**ENTRIES SHOWN:**
┏━━

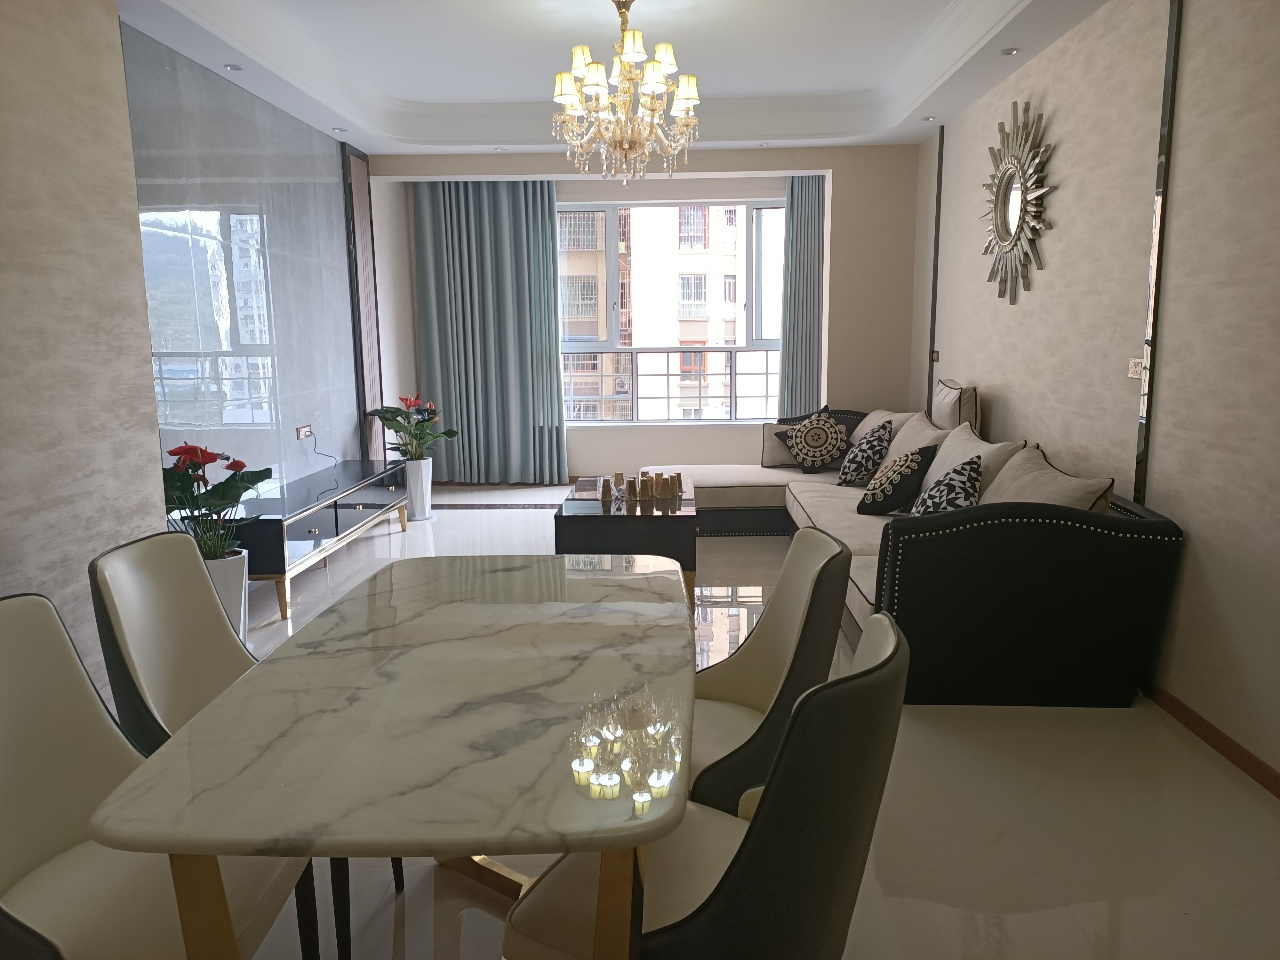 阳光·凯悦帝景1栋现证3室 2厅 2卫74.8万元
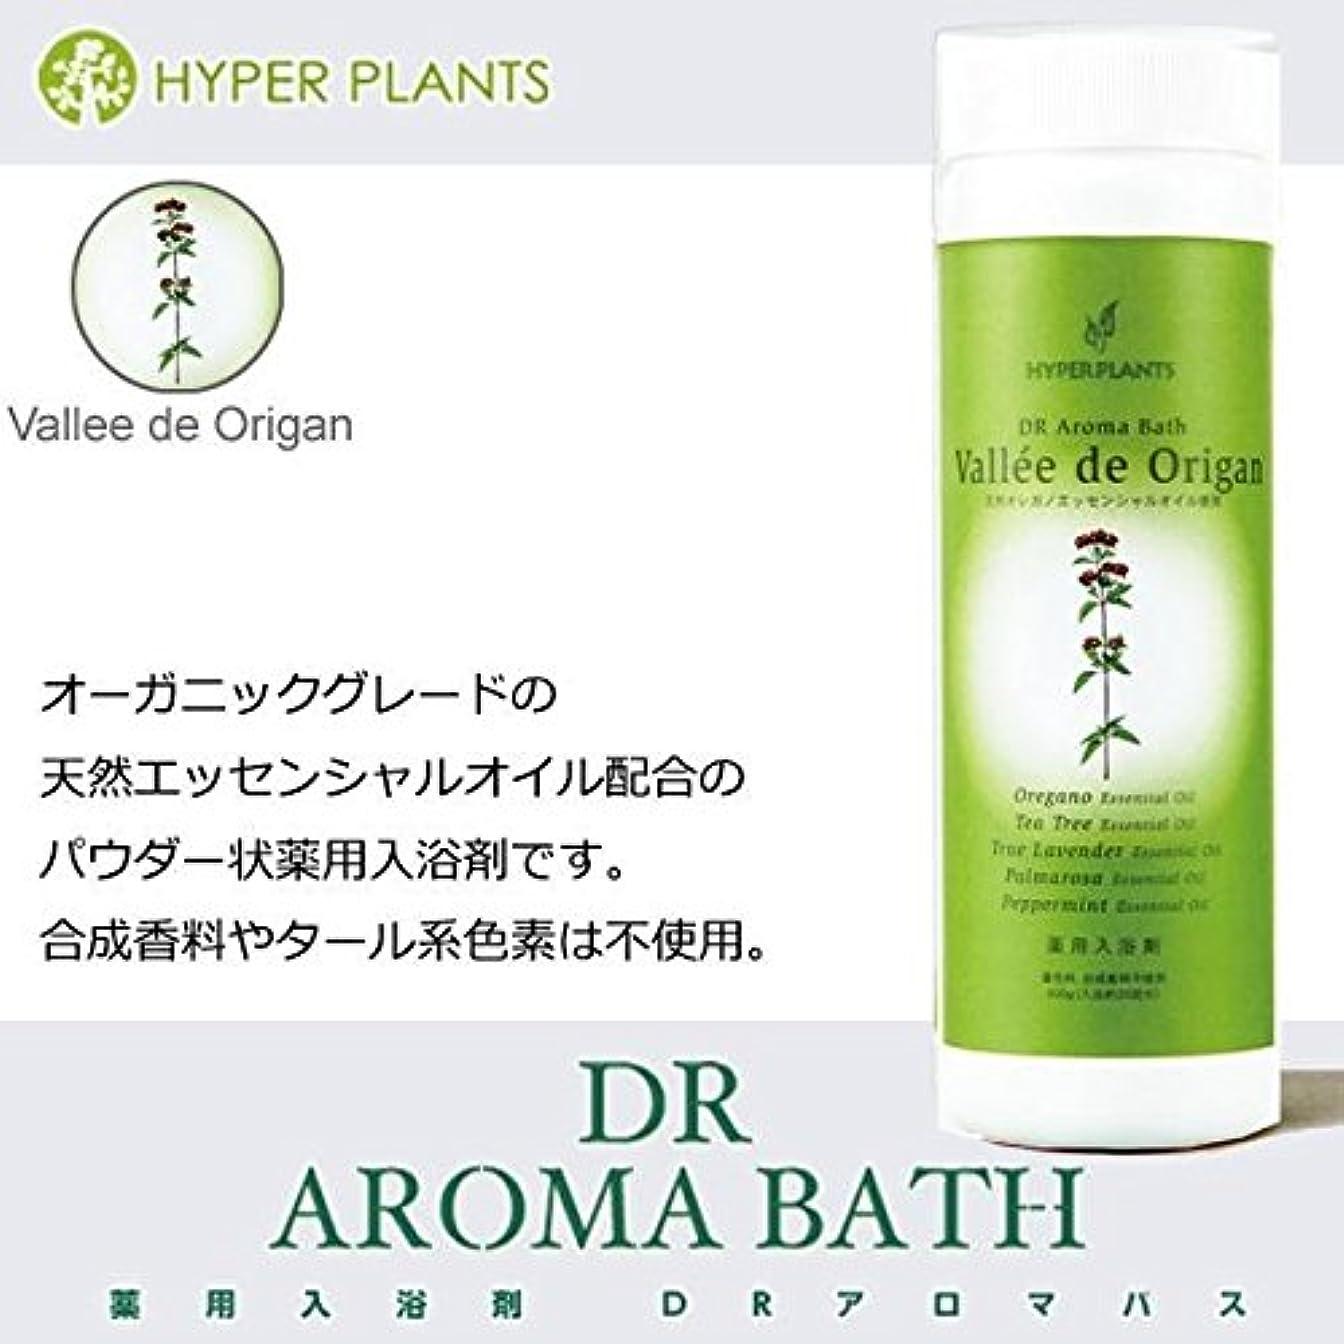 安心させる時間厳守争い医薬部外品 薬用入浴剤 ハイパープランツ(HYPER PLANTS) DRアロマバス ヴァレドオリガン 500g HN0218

┗━━
┏━━

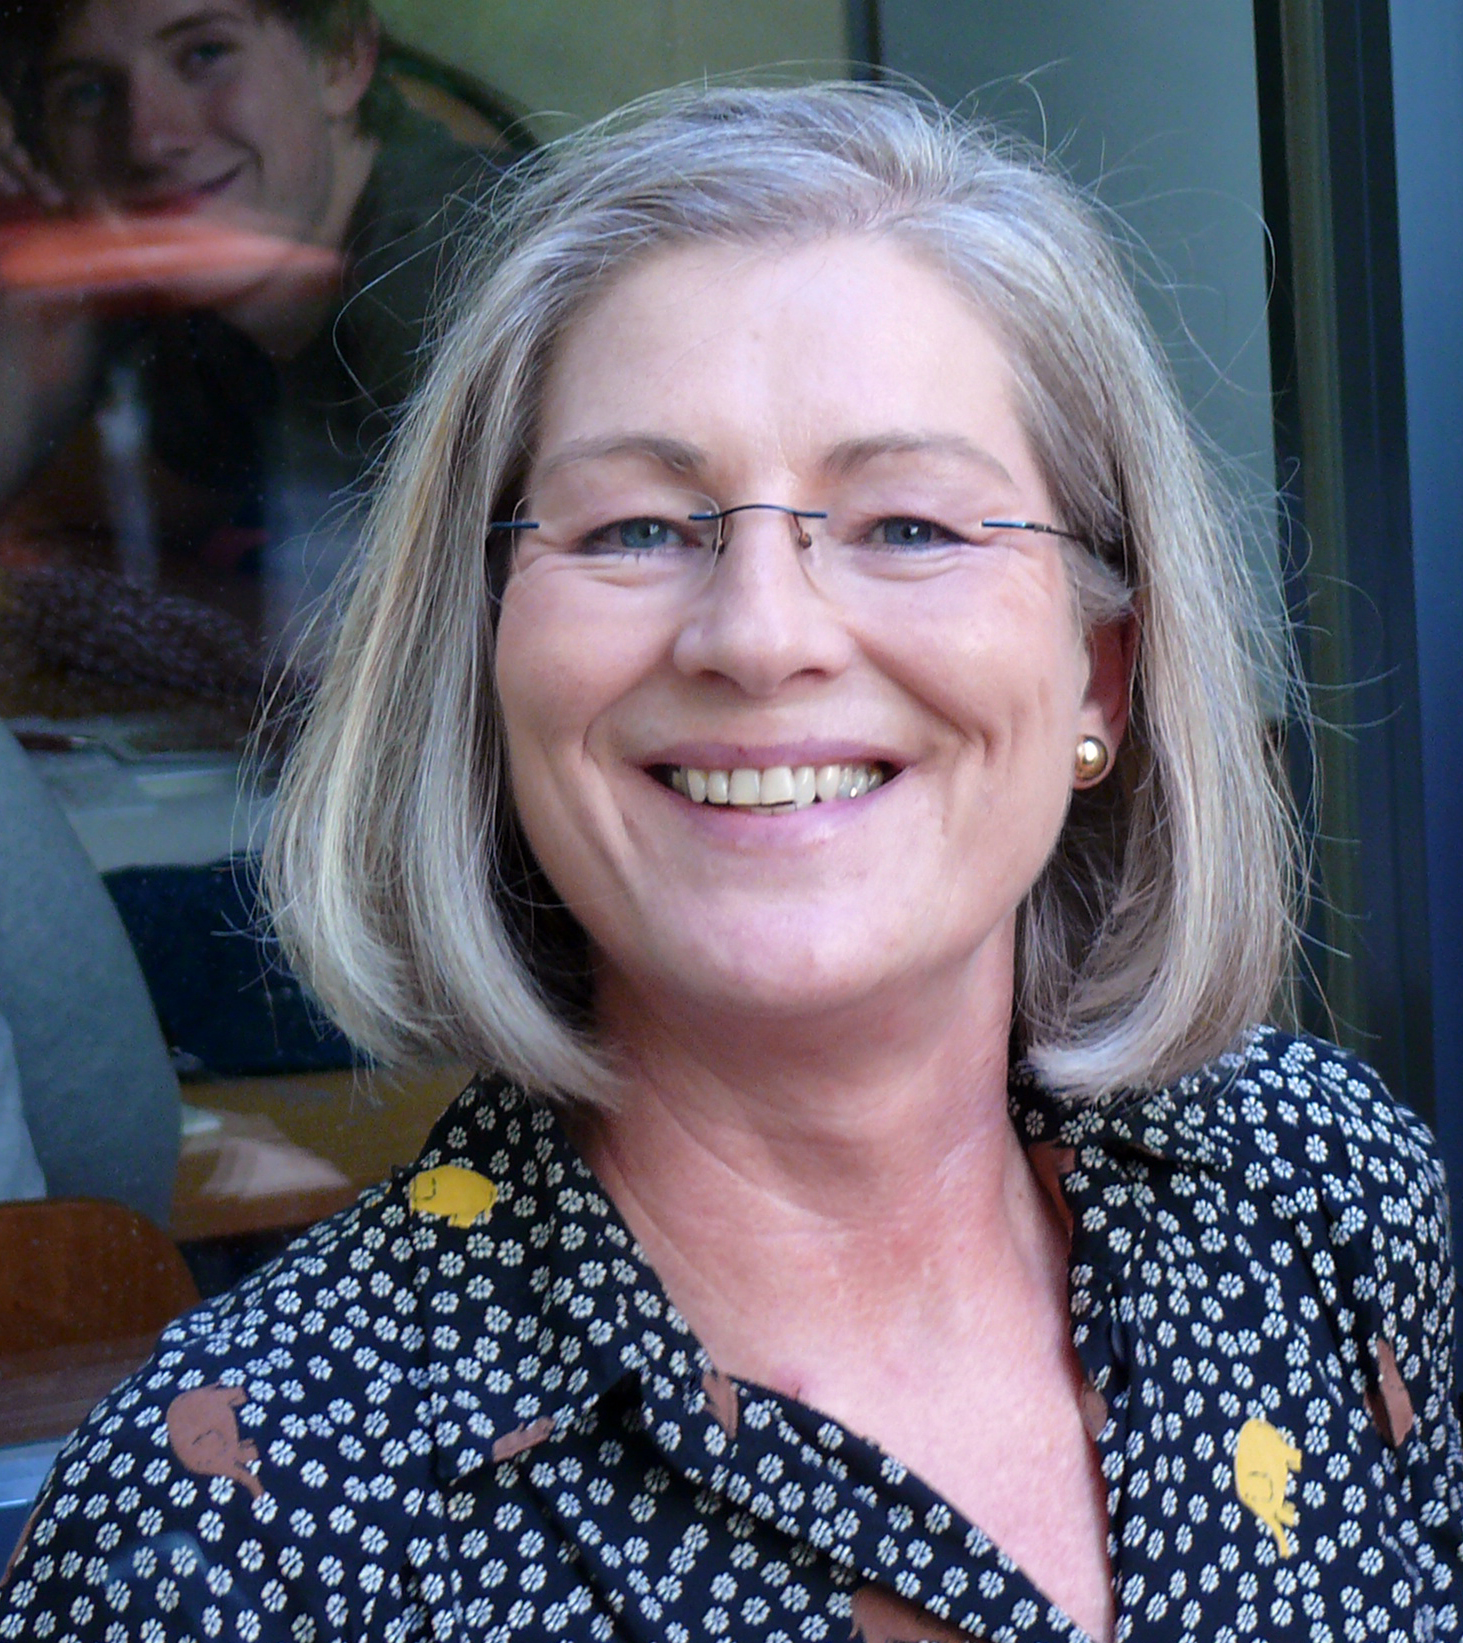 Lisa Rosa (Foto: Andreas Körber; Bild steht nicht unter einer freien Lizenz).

┗━━

**WHAT YOU SHOULD DO:**
Reproduce exactly, with no pictures, the lines above from the one holding "阳光·凯悦帝景1栋现证3室 2厅 2卫74.8万元" to the one holding "安心させる時間厳守争い医薬部外品 薬用入浴剤 ハイパープランツ(HYPER", inclusive.

**TASK OUTPUT:**
 阳光·凯悦帝景1栋现证3室 2厅 2卫74.8万元
 安心させる時間厳守争い医薬部外品 薬用入浴剤 ハイパープランツ(HYPER PLANTS) DRアロマバス ヴァレドオリガン 500g HN0218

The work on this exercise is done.